Extended Data Fig. 4 Sequencing coverage and identification of significantly mutated genes.

(a) Each sample’s median sequencing coverage based on WGS (n = 768) or WES (n = 1,729) is shown, including both germline and cancer (ALL) samples for each patient. Boxplot shows median (thick center line) and interquartile range (box). Whiskers are described in R boxplot documentation (a 1.5*interquartile range rule is used). The median coverage across all samples is indicated by text (for example ‘39X’). For WGS, the genome-wide coverage for each sample is indicated by each point. For WES, the median coverage in all protein-coding regions of exons (excluding 5’ and 3’ untranslated regions), as defined by the UCSC refGene.txt file, is shown. (b) Approach for identification of significantly mutated genes. The sequencing platform is shown on top, followed by the variant types detected by each platform below, and the third layer shows the tools used to identify significantly altered genes, with arrows indicating the variant types used as input to these tools. Intragenic SV outliers were identified initially by frequent SVs within the gene, and were corroborated manually with copy number analysis (dotted gray line) as the SVs were usually at the boundaries of focal deletions. All significantly mutated genes’ focal deletion and SNV/indel mutation site localization were manually inspected and those considered unlikely drivers were excluded. When combining the significantly mutated genes thus identified with the list of known drivers in ALL, a list of 376 driver or putative driver genes was identified.

Extended Data Fig. 5 Correlation of COSMIC signatures with age and genetic alterations.
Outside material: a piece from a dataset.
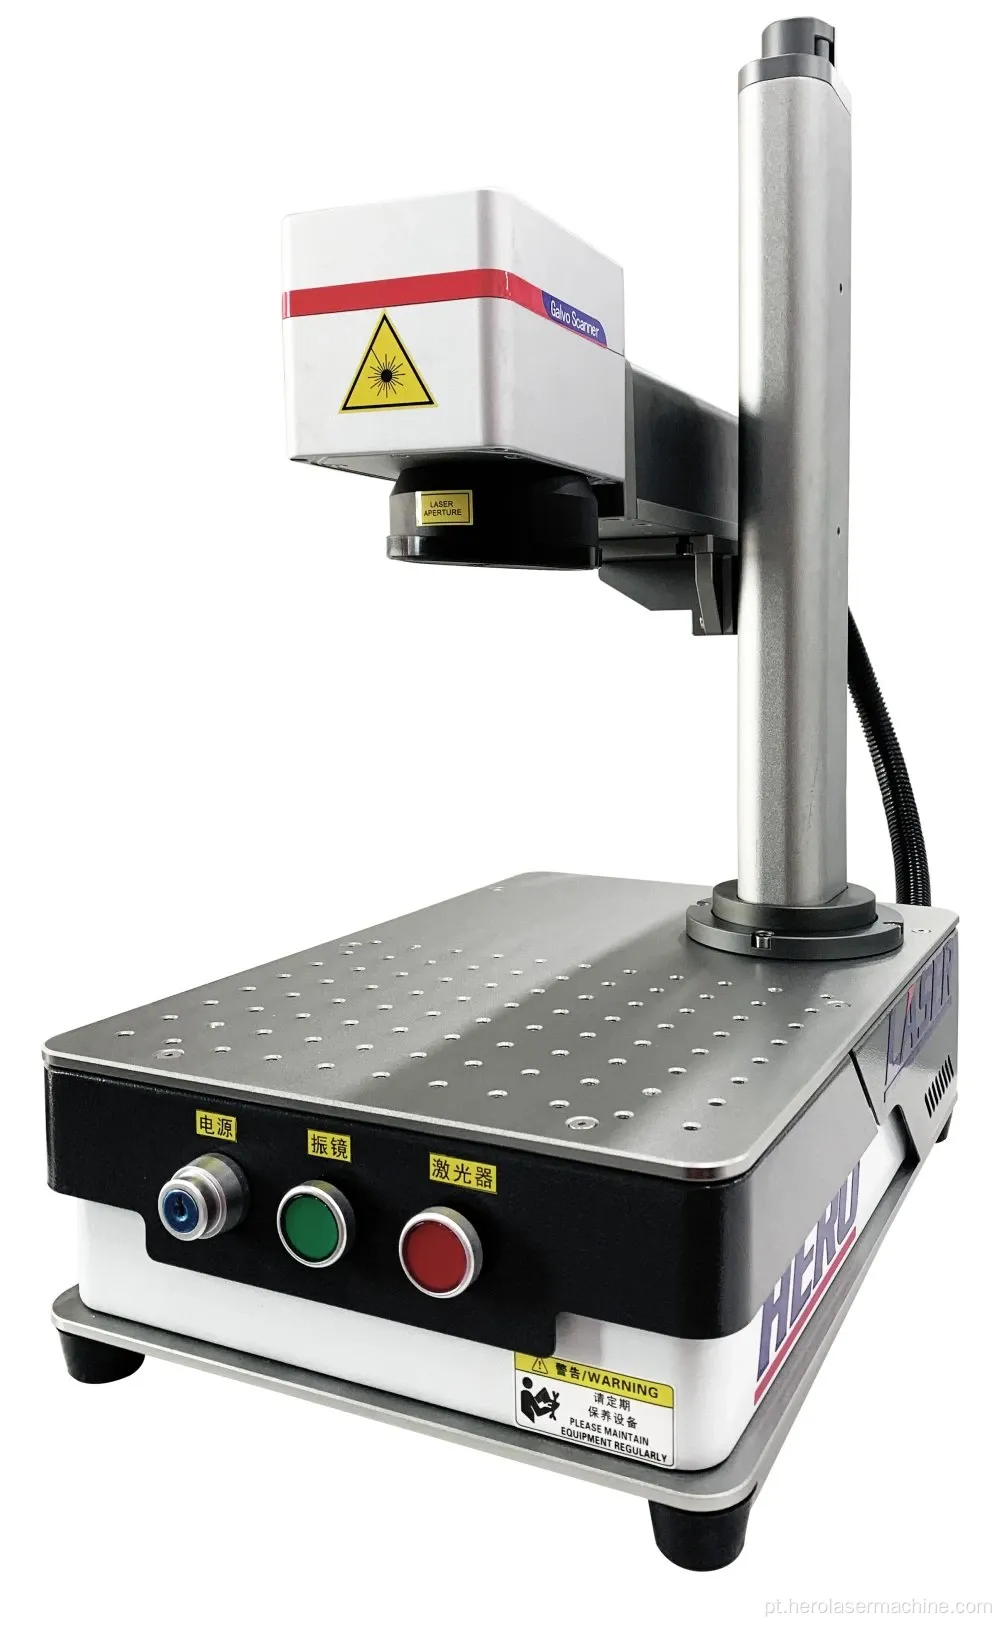 Gravador a laser para gravar acessórios de metal logotipo/chave

For each B-ALL and T-ALL subtype, the correlation between signature abundance (in number of SNVs, y-axis) and the age at diagnosis (x-axis) is shown. This includes samples sequenced by WGS which had mutational signature cosine similarities (comparing the sample profile vs. the profile as reconstructed by signatures) of 0.85 or above, and which also had available age information. Only subtypes with at least 5 samples meeting these criteria are shown, and the number of samples in each subtype are shown above each plot. Two-sided Pearson r correlation was performed to obtain the P and r values shown for each subtype. For subtypes with P < 0.05, linear regression was performed resulting in the linear fits shown, along with text indicating the slope of the line in mutations per year. (a) Signature 1 (5mC deamination). (b) Signature 5 (clock-like). (c) Signatures 2 and 13 (APOBEC). (d) Signature 7 (UV). (e) Signature 18 (ROS; left). Somatic alterations significantly correlating with signature 18 (right). Each somatic alteration (chromosome-level copy alterations and driver/putative driver genes) was tested for correlation with the presence vs. absence of signature 18, and 20q deletion and 9p deletion were significantly associated with signature 18 in the subtypes shown. P values are by two-sided Fisher’s exact test, and the number of samples in each group are shown below (n). Only WGS samples were analyzed.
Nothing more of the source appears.